In 2018-19, before the pandemic struck, total expenditure by the central and state governments was 26.7% of gross domestic product (GDP). In 2020-21, it rose to 32% and in 2023-24, it was 30.6%.

With the private sector of the economy struggling, governments have had to spend more. In fact, as the Economic Survey 2022-23 points out, more than 300 direct benefit transfer programmes are run by the central government and more than 2,000 by state governments.

While politicians may not admit it publicly, they know that a large segment of the population is struggling with the aftermath of the pandemic. Through such schemes, they have tried to do the right thing and also tried to address that important vote bank.

Moreover, technology has greatly improved the delivery of such programs. As Raghuram G. Rajan and Rohit Lamba write in Breaking the Mould: Reimagining India’s Economic Future: “Ironically, as technological advances have improved the delivery of targeted benefits… the top brass in the state or national capital can now identify with the delivery of specific benefits, such as cash transfers, toilets, foodgrains, gas cylinders, or educational loans, and build a direct personal relationship with the voter.” And all this costs money. A lot of money.

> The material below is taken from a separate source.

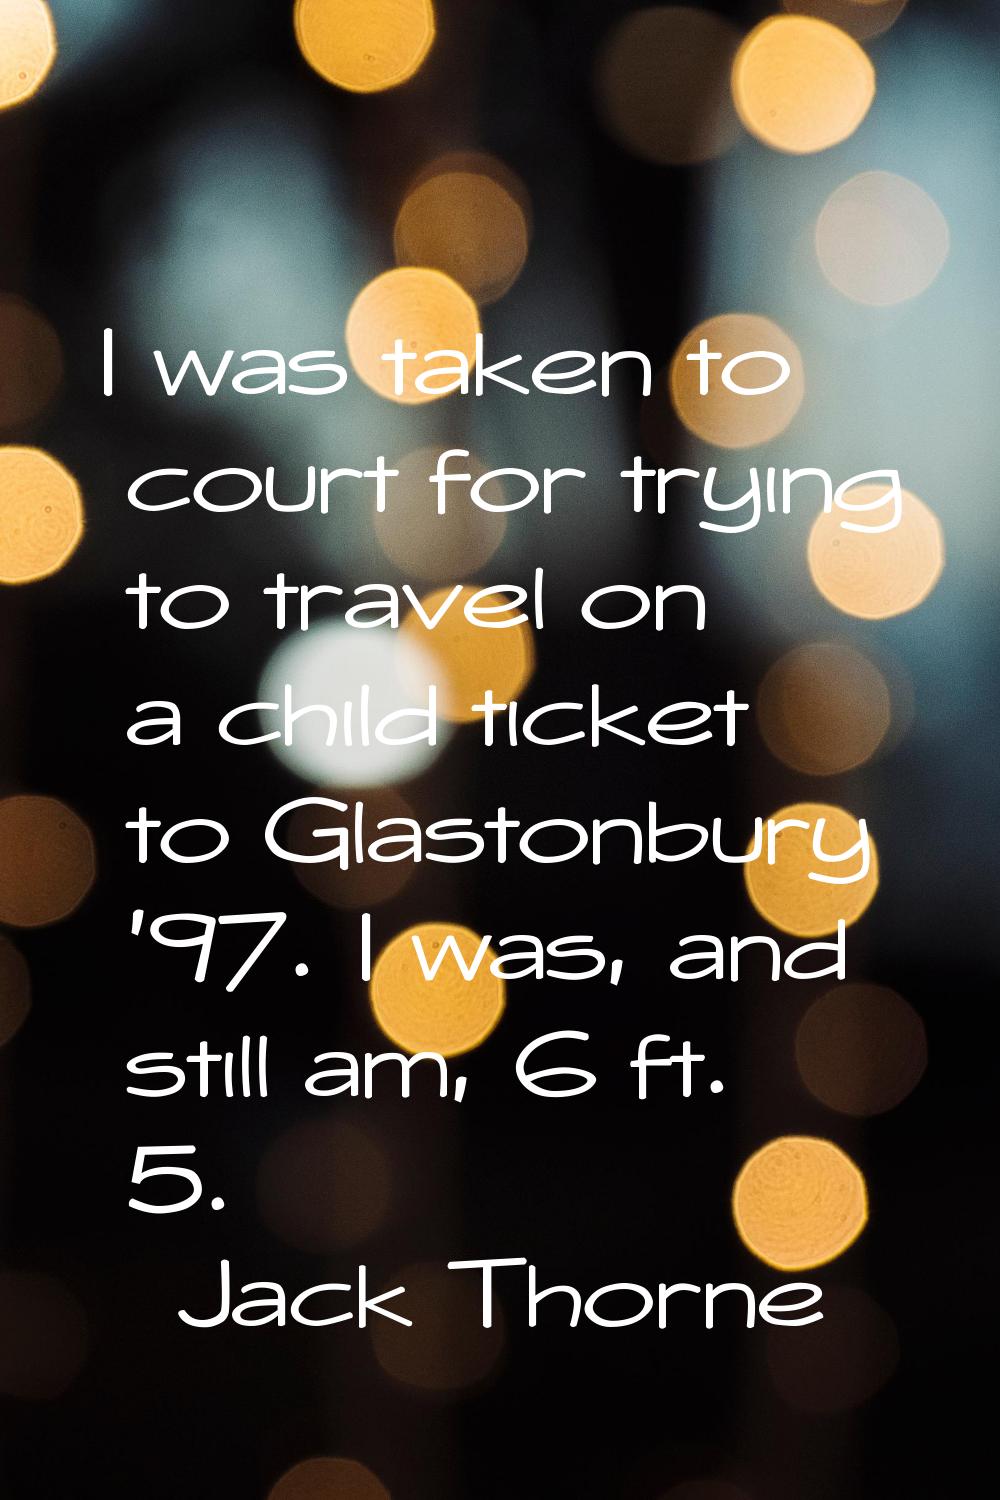 I was taken to court for trying to travel on a child ticket to Glastonbury '97. I was, and still am

Total spending by central and state governments has increased over the years. In addition, there is pressure to reduce the overall government debt. And given that the central government shares a significant portion of the taxes it collects with state governments, there is enormous pressure on it to collect more tax money overall.

It didn’t help that the central government cut the corporate income tax rate in September 2019 in the hope that it would encourage companies to invest more. In 2018-19, corporate tax collection amounted to 3.5% of GDP.

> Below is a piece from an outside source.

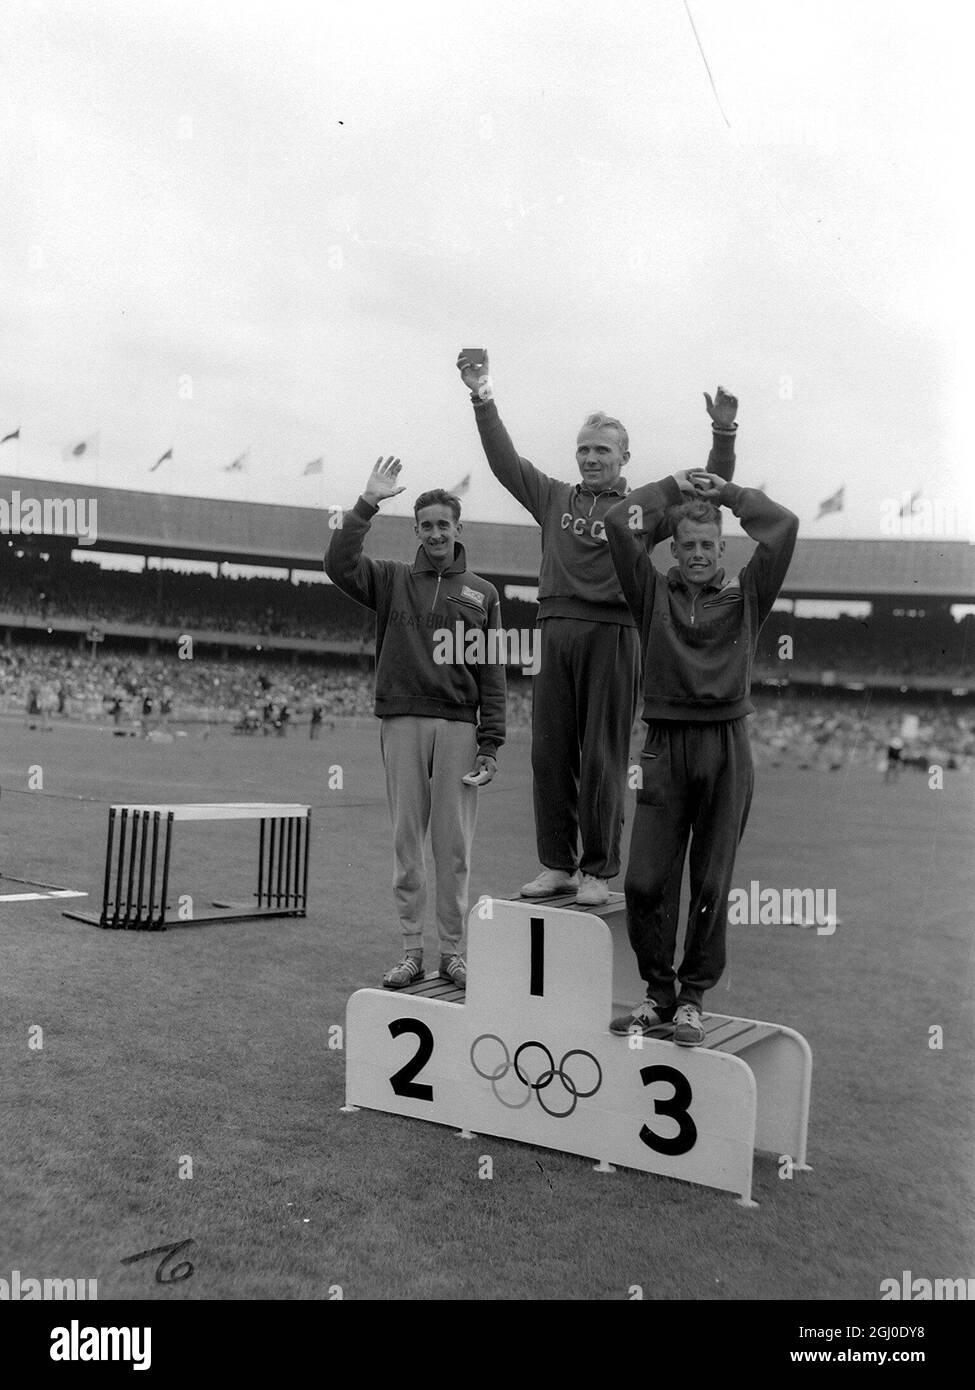 Melbourne Olympic Games 1956 Men's 5000m final Russia's Vladimir Kuts won the Gold medal in a time of 13 minutes 39.6 seconds with Britain's Gordon Pirie silver and Derek Ibbotson of Great Britain bronze. 28th November 1956 Stock Photo

It was 3.1% of GDP in 2023-24, despite higher corporate profits. It is expected to be 3.1% even in 2024-25. Now, such a narrative-driven government cannot reverse this move, given the uncomfortable questions that would arise.

Hence, among other things, the government will have to try to collect higher taxes on income. In 2018-19, this amounted to 2.4% of GDP, rising to 3.5% in 2023-24 and is expected to rise further to 3.6% in 2024-25. Taxing capital gains at higher rates will help improve tax collection.

So we’re left with the wealthy trying to pass themselves off as middle class and getting mad about the removal of indexation benefits. The joke has always been on them because someone has to pay the government bills. They just might finally understand.